Four MOFs with isomeric ligands as fluorescent probes for highly selective, sensitive and stable detection of antibiotics in water

Abstract

The pollution and damage caused by antibiotics in water have aroused serious concern. Metal–organic frameworks (MOF), which have been hotly investigated as a novel kind of sensing materials, have been tentatively applied to the detection of antibiotics in recent years. In this work, four new Zn(II)/Cd(II) coordination polymers, [Cd(opda)(mbib)(H₂O)] (1), [Cd(opda)(pbib)(H₂O)] (2), [Cd(ppda)(mbib)] (3), and [Zn₂(mpda)₂(mbib)₂]·2H₂O (4), (H₂opda = 1,2-phenylenediacetic acid, H₂mpda = 1,3-phenylenediacetic acid, H₂ppda = 1,4-phenylenediacetic acid, mbib = 1,3-bis(imidazolyl)benzene, pbib = 1,4-bis(imidazolyl)benzene), have been synthesized using bis(imidazole) and phenylenediacetate isomers under hydrothermal conditions. The flexible pda and bib ligands in 1–3 afford 2D (4,4)-connected layers, which are further stacked in an offset fashion with an ABAB sequence to propagate into a 3D supramolecular architecture through strong C–H⋯π and C–H⋯O interactions. In contrast, the flexible cis-conformation mpda and mbib ligands in 4 can be seen as “V”-type building blocks, linking Zn(II) atoms to form a 1D loop chain. The structural diversity of these complexes is mainly attributed to the different coordination modes and isomer conformations of the flexible phenylenediacetic acid and bis(imidazole) ligands. The application of the fluorescence properties of the four complexes for detecting the antibiotics cefixime (CEF) and tetracycline (TEC) and the related mechanisms have been researched.

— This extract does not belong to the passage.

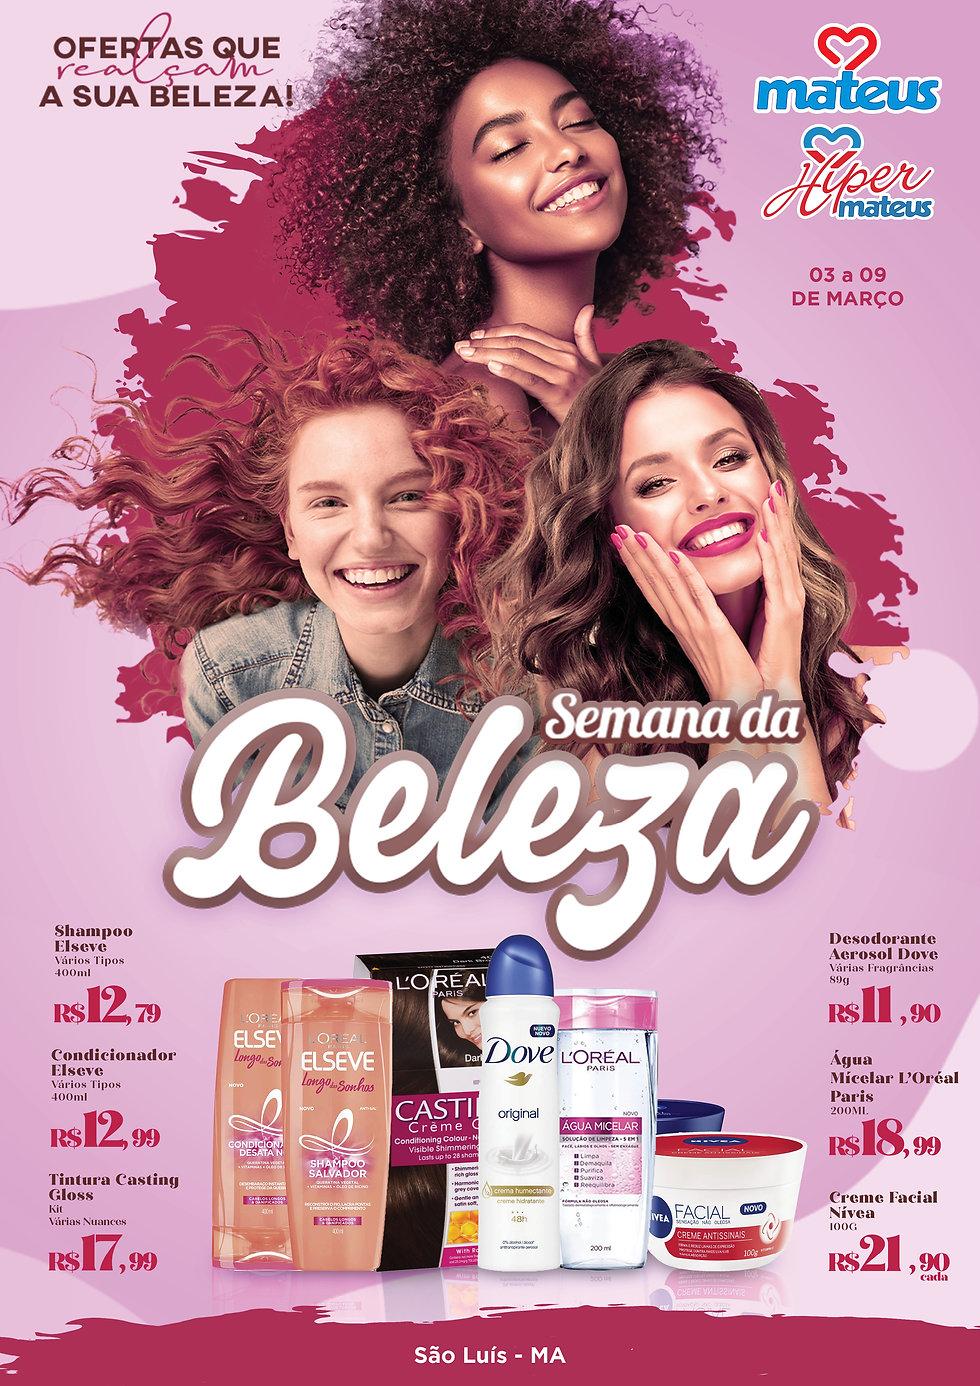 REVISTA_SEMANA-DA-BELEZA_SLZ.jpg

Complexes 1–4 exhibit high quenching percentages in low-concentration aqueous solutions, with values of 94.9%, 97.8%, 95.5%, and 97.2% (toward CEF) and 97.7%, 96.7%, 96.4%, and 97.4% (toward TEC), respectively. Compared with 1–3, complex 4 has a higher quenching percentage, which may be because 4 is a 3D porous supramolecular network. The detection limits of complexes 1–4 have been measured to be 0.278 μM, 0.379 μM, 0.52 μM, and 0.171 μM (for CEF) and 0.384 μM, 0.189 μM, 0.421 μM, and 0.137 μM (for TEC), which surpass/approach those of most of the reported MOF-based fluorescent sensing materials. Systematic analysis of the sensing mechanism reveals that photoinduced electron transfer and the inner filter effect contribute to the realization of the sensing process.